Art sold at the auction included prints by Pablo Picasso (190,500 pounds; $240,000), Salvador Dalí (48,260 pounds; $60,900); and Marc Chagall (63,500; $80,000), antique furniture and numerous cat figurines.

For the past month, fans of Mercury who couldn’t afford those kind of prices — or just wanted to see his high-top Adidas, diamond brooches, or a sequined jacket — could view them for free in Sotheby’s galleries. More than 140,000 visitors from around the world queued up outside the elegant auction house to take a tour.

Publicity from “Freddie Mercury: A World of his Own” drove up bidding for online auctions that began last month and closes next week.

Even items being sold online that had seemed like they might be in reach for some average buyers eclipsed pre-sale estimates.

A collection of chopsticks once estimated to fetch 40-60 British pounds ($50-75) had a current bid 1,200 pounds ($1,500) Wednesday.

One of the quirkier items, a silver moustache comb from Tiffany & Co, that had been expected to set a buyer back 400 to 600 pounds ($500—750) had a bid at 35,000 pounds ($43,750).

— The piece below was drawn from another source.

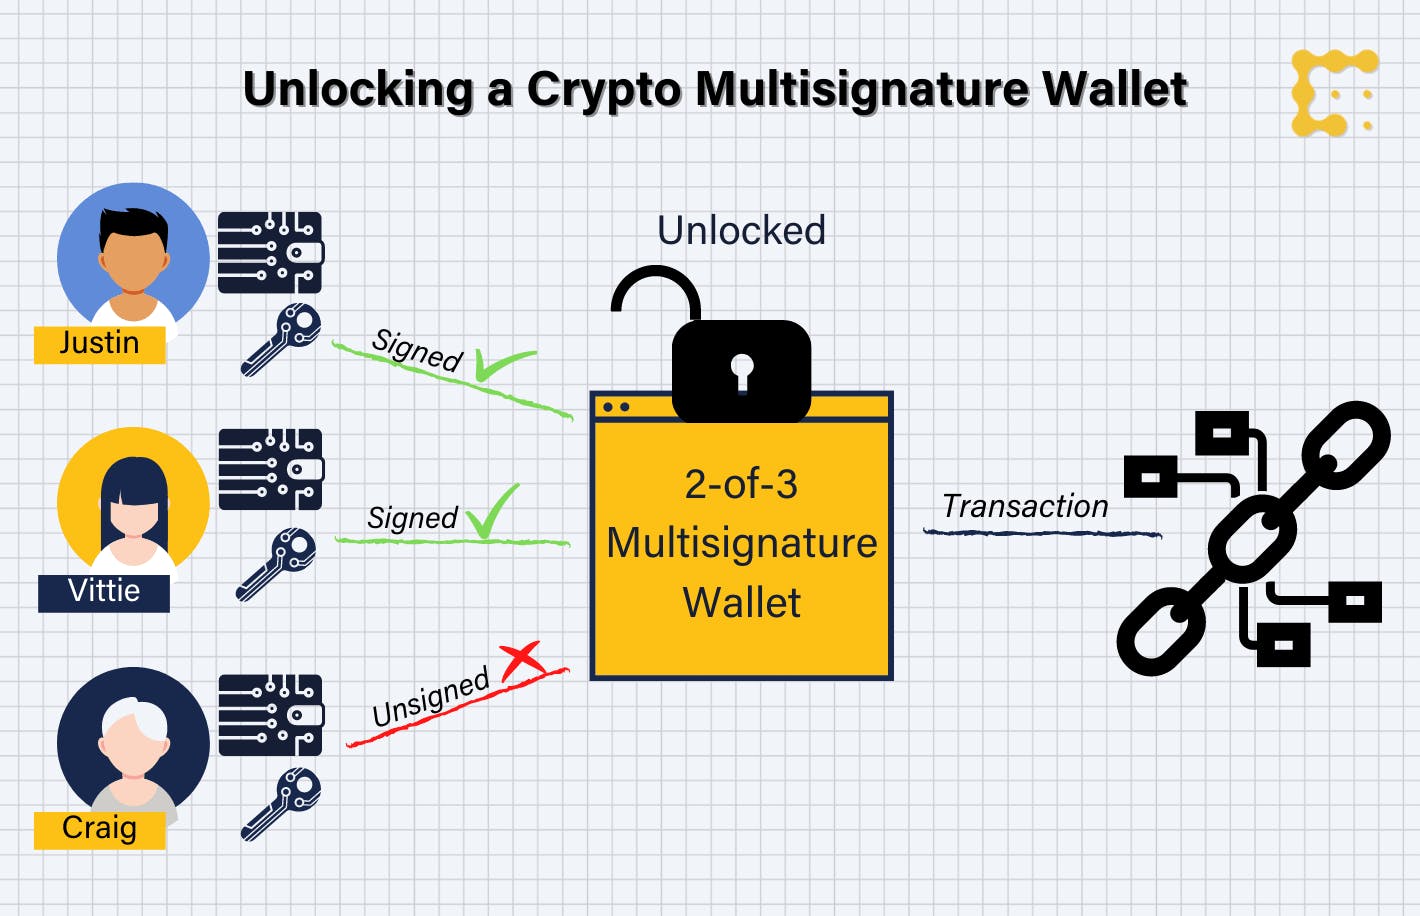 Multisignature Wallets

The Yamaha baby grand piano that Mercury wrote some of Queen’s greatest hits on was one of the few items that sold for less than its estimated price tag, though it still sold for the most amount of money.

It had been expected to sell for as much as 3 million pounds ($3.75 million) but sold for 1.7 million pounds ($2.2 million). Sotheby’s said it was the highest price ever paid for a composer’s piano, but they didn’t provide information on the previous record.

Other items that were treasured by fans were Mercury’s draft lyrics to “Somebody to Love” (241,000 pounds; $304,000), and “Don’t Stop Me Now” and “We Are the Champions,” which both fetched the same final prices: 317,500 pounds; $400,700.

The drafts showed songs at their inception, with “Bohemian Rhapsody” scratched on stationery from the defunct British Midland Airways. The song was originally named “Mongolian Rhapsody” before that was crossed out.

The song ends with the words: “Nothing really matters to me,” a line that certainly didn’t apply to Mercury’s myriad possessions.